Пытаясь обмануть противника, я плавно начал сбавлять газ, чтобы отстать и оказаться позади, но самурай разгадал это нехитрое намерение и спокойно повернул лицо в мою сторону. Наши взгляды встретились.

Вместо испуга, злобы или решительности, ожидаемых мною, на небольшом смуглом лице с усиками я увидел хладнокровную снисходительную усмешку. Мне стало не по себе. «Рубану крылом по кабине!» — решил я. И может быть, мы оба разлетелись бы от удара на кусочки, если бы в тот момент японец не был пронизан пулеметной очередью. Его кабина мгновенно обволоклась огнем и дымом.

«И-16», уничтоживший вражеский самолет, помахал мне крыльями, приказывая этим сигналом пристраиваться к нему. Но летчик не видел, что сзади у него сидит другой японец. Я поспешил на помощь. Враг оказался прямо перед моим носом, и я в упор нажал на гашетки. От вражеского истребителя, точно это был какой-то старый мешок, полетела труха и пыль. Я резко взял вверх, чтобы пристроиться к нашему самолету, уже мчавшемуся в атаку на звено противника.

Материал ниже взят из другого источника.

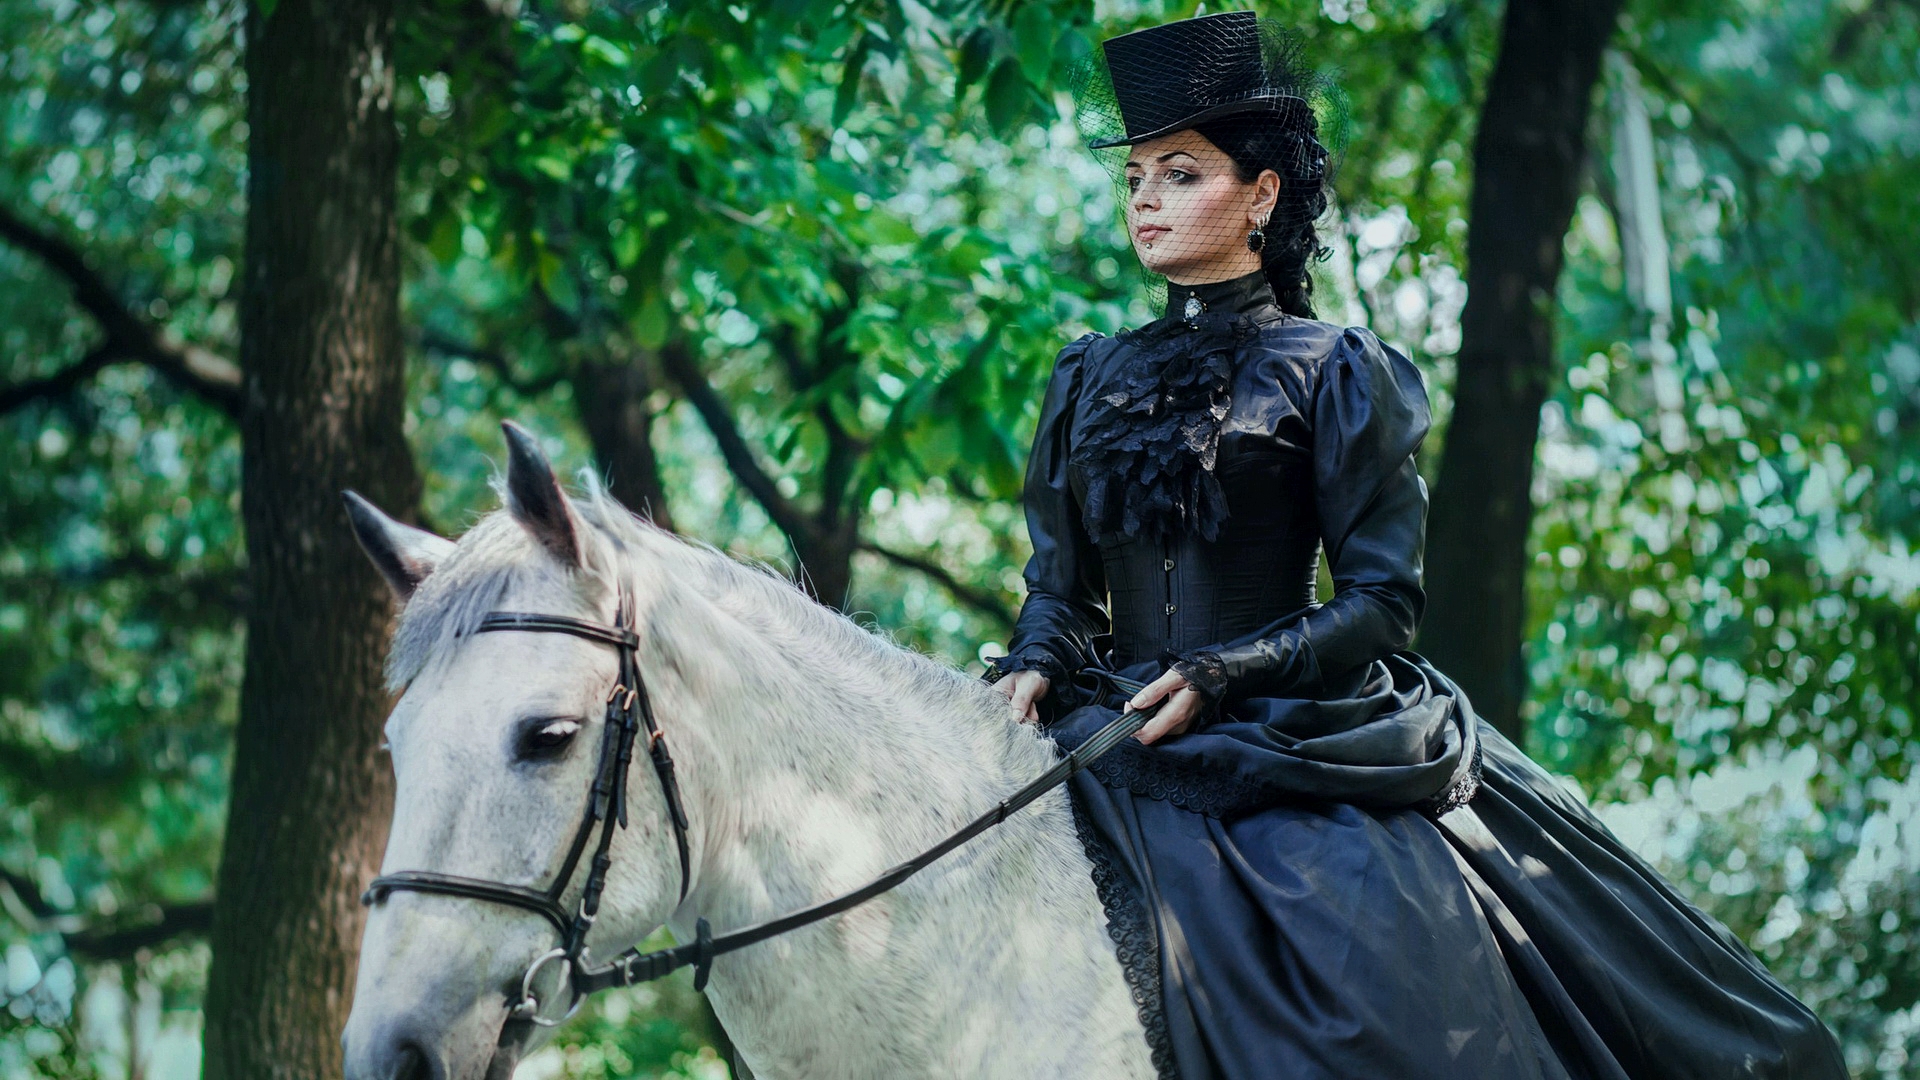 Model Katerina Baumgertner on horseback in the woods

Летчик стрелял мастерски. Короткая очередь — и еще один японский истребитель пошел вниз. И вдруг от этого напористого «И-16», стремительно уничтожившего двух японцев, потянулись струйки черного дыма. Командир, борясь с пожаром, швырнул машину в сторону. Огонь вырвался наружу. Хозяин самолета выпрыгнул с парашютом.

Бой был в самом разгаре, воздух кипел от огня, но вид яркого купола, выросшего над летчиком, вызвал у меня приступ бурного восторга. Жив! Два японских истребителя сделали попытку расстрелять беззащитного. Несколько наших истребителей бросились им наперерез, но в следующий момент произошло нечто ужасное: горящий «И-16» падал прямо на парашютиста. Дальше я уже ничего не мог видеть — по мне словно плетью хлестнула пулеметная очередь, в глазах что-то блеснуло. Уходя из-под огня, я без колебаний отдал ручку управления до отказа от себя и мгновенно провалился вниз.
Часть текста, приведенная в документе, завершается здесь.